Das Versteck

... und dies ist eine deutsche Standuhr von 1740, schauen Sie sich die wundervollen umlaufenden Holzintarsien an." Herr Petersen zeigte auf ein besonders schönen Teil der Holzeinlagen. "Sie ist sehr wertvoll."
Sybille sah die Standuhr bewundernd an. "Was kostet die Uhr?"
"26.000" Herr Petersen machte auf weitere Details aufmerksam und erklärte die Arbeitsweise der Holzschnitzer.

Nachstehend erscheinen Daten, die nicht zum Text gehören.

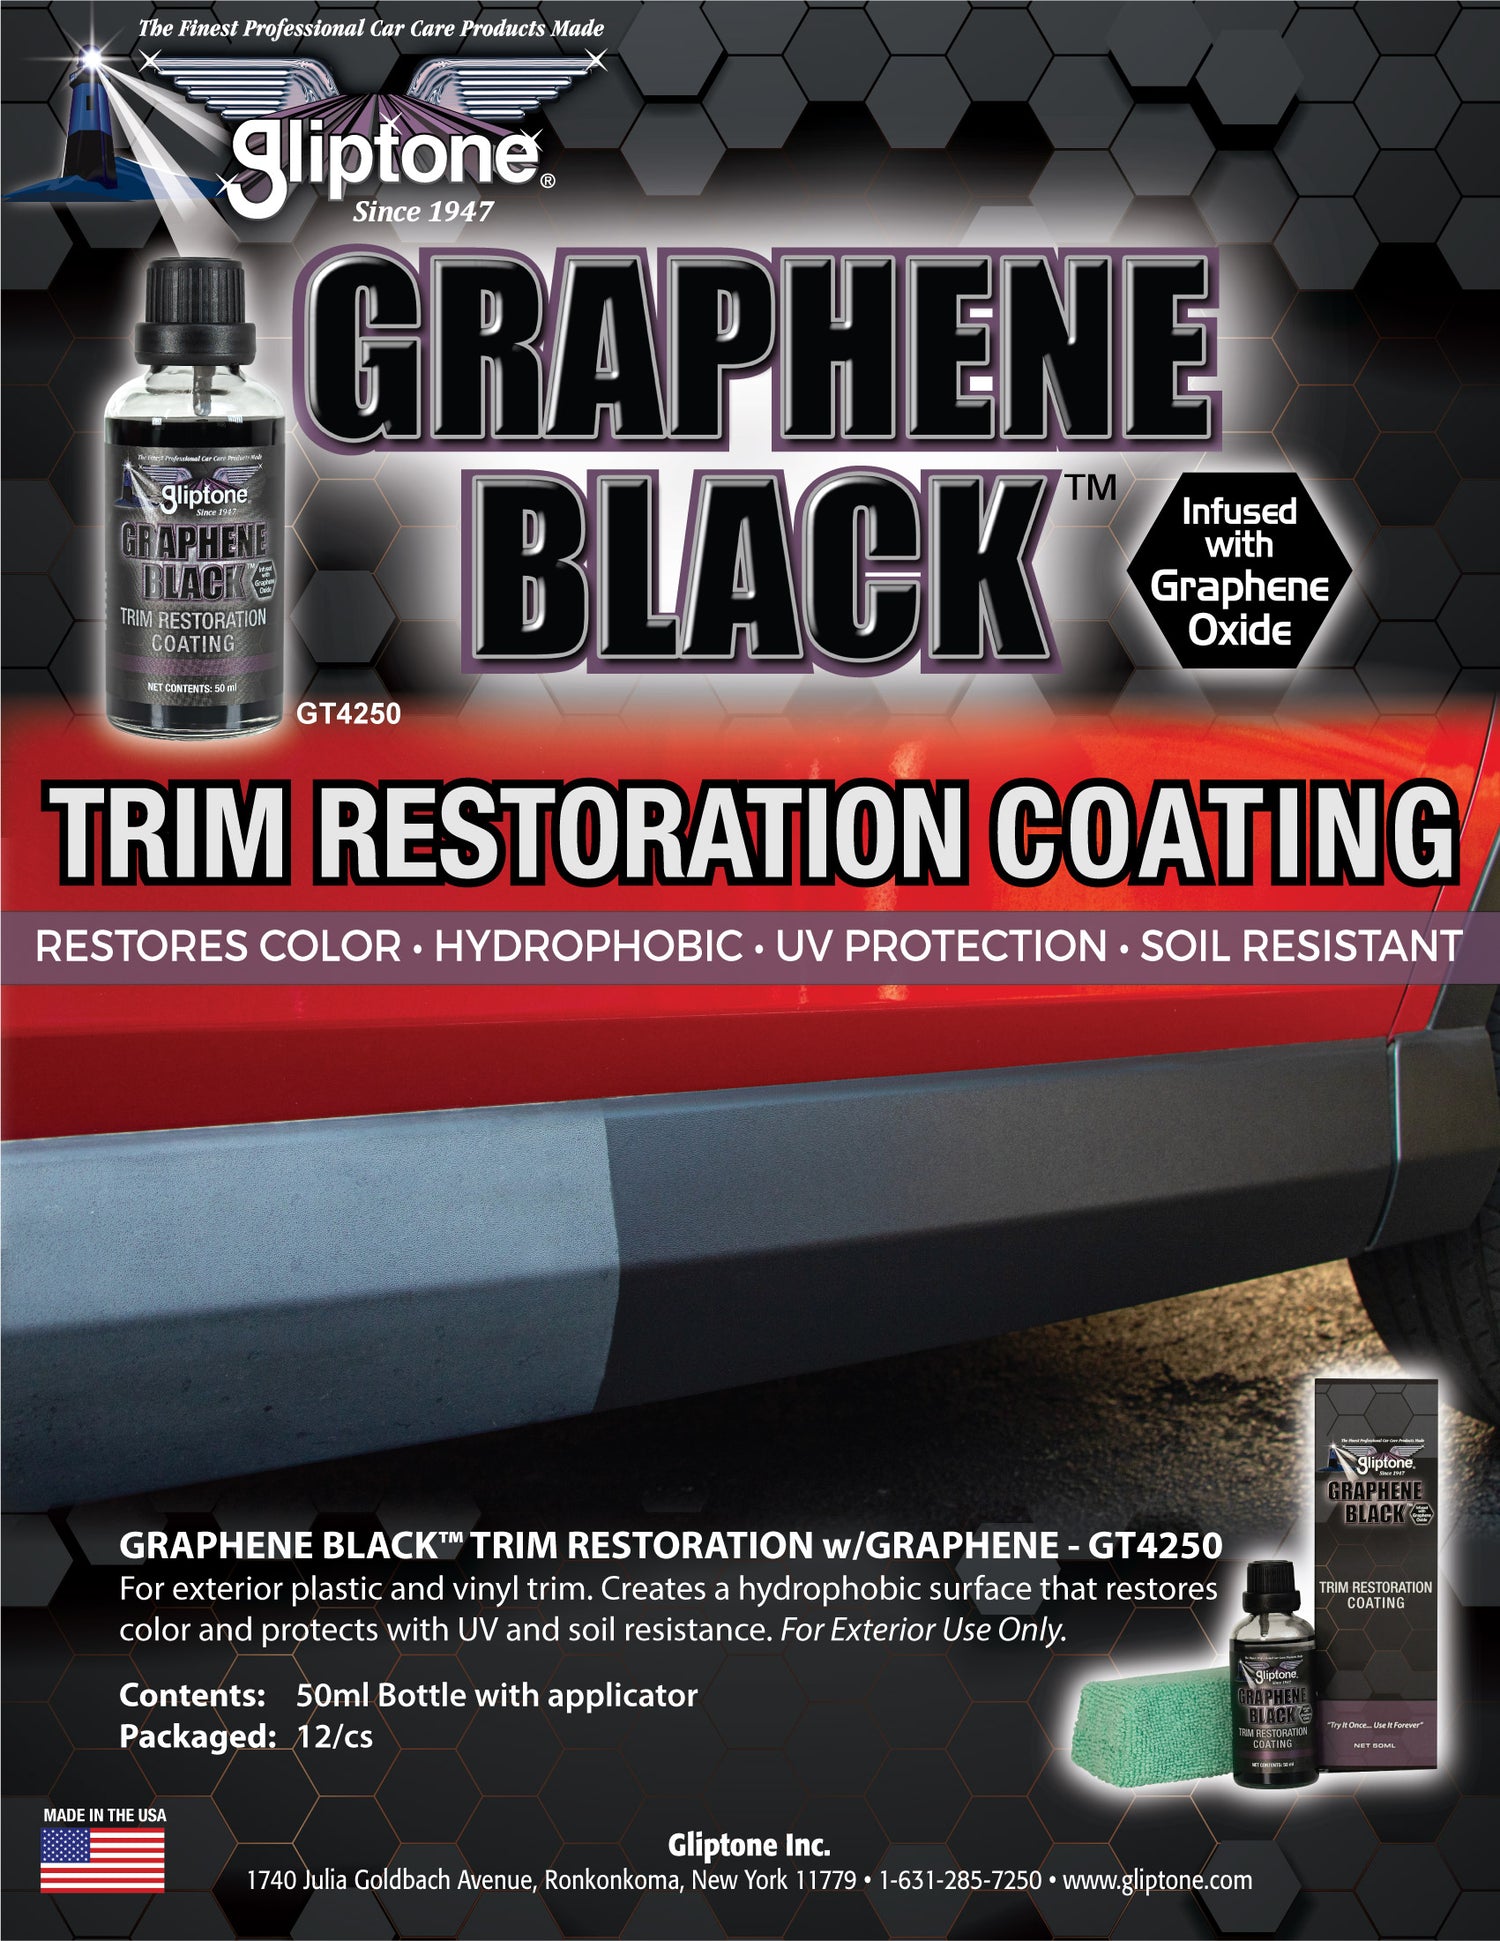 NEW Graphene Black for exterior trim restoration.  Long Term Solution!!!

Sybille und Hilde tauchten in die vergangenen Jahrhunderte ein und vergaßen darüber, dass es auch noch Jonas gab.

Jonas hatte sich inzwischen mit dem Buch auf die Treppe draußen vor der Ladentür gehockt. Da es sehr warm war, zog er sich Schuhe und Strümpfe aus, blätterte in dem Buch und schaute sich die Bilder an. Das Märchen vom Wolf und den sieben Geißlein erkannte er sofort anhand der Zeichnungen. Die Standuhr, in die gerade das siebente Geißlein hineinsprang, sah der Uhr im Laden sehr ähnlich. Ob hinter der Tür tatsächlich genug Platz zum Verstecken ist, überlegte er und ging in den Laden zurück.

Er sah den goldenen Schlüssel und wollte den Uhrenkasten aufschließen, doch so sehr er sich auch reckte, er kam nicht an den Schlüssel ran. Schließlich stellte er sich auf einen kleinen Hocker, jetzt konnte er den Schlüssel umdrehen. Die Tür öffnete sich. Das große messingfarbene Pendel hing ruhig und eindrucksvoll in dem Kasten. Jonas kletterte hinein, versuchte, die Tür zuzuziehen. Durch den schmalen Schlitz konnte er gerade noch das Tageslicht sehen. Er rutschte ein wenig hin und her, bis er sich mit angezogenen Knien hinsetzen konnte. Hier fand ihn der Wolf bestimmt nicht. Er musste nur ganz, ganz still sein, so wie das Geißlein. Die Gespräche zwischen seiner Mutter, der Tante und Herrn Petersen  nahmen seine Ohren kaum wahr und er schlief ein.

Hilde konnte sich nicht entscheiden, ob sie die Whiskykaraffe mit 6 Gläsern - alles aus Kristallglas - oder die zwei wunderschönen englischen Fadengläser aus dem 18. Jahrhundert kaufen sollte.
"Was meinst du, Bille? Nehme ich das Whisky-Arrangement, unterstütze ich Klaus in seiner Trinkerei. Auf der anderen Seite, weiß ich, dass er sich darüber besonders freuen würde", sagte Hilde.
Herr Petersen nickte zustimmend "Wenn sie meine bescheidene Meinung hören wollen, jemand der einen guten alten Whisky genießen kann, wird nicht zum Trinker. Ich glaube, Sie würden ihren Mann damit überraschen, gerade, weil er weiß, dass sie ihm zuliebe dieses wundervolle Geschenk gekauft haben."
"Das denke ich auch", bestätigte Sybille.
"Gut, Herr Petersen", sagte Hilde, "ich nehme die Karaffe mit den Gläsern."

"Jonas, komm' wir sind fertig ...",  rief sie, und zu Herrn Petersen gewandt: "Vielleicht haben Sie einen Karton dafür. Für das Geschenkpapier sorge ich selber. - Jonas?"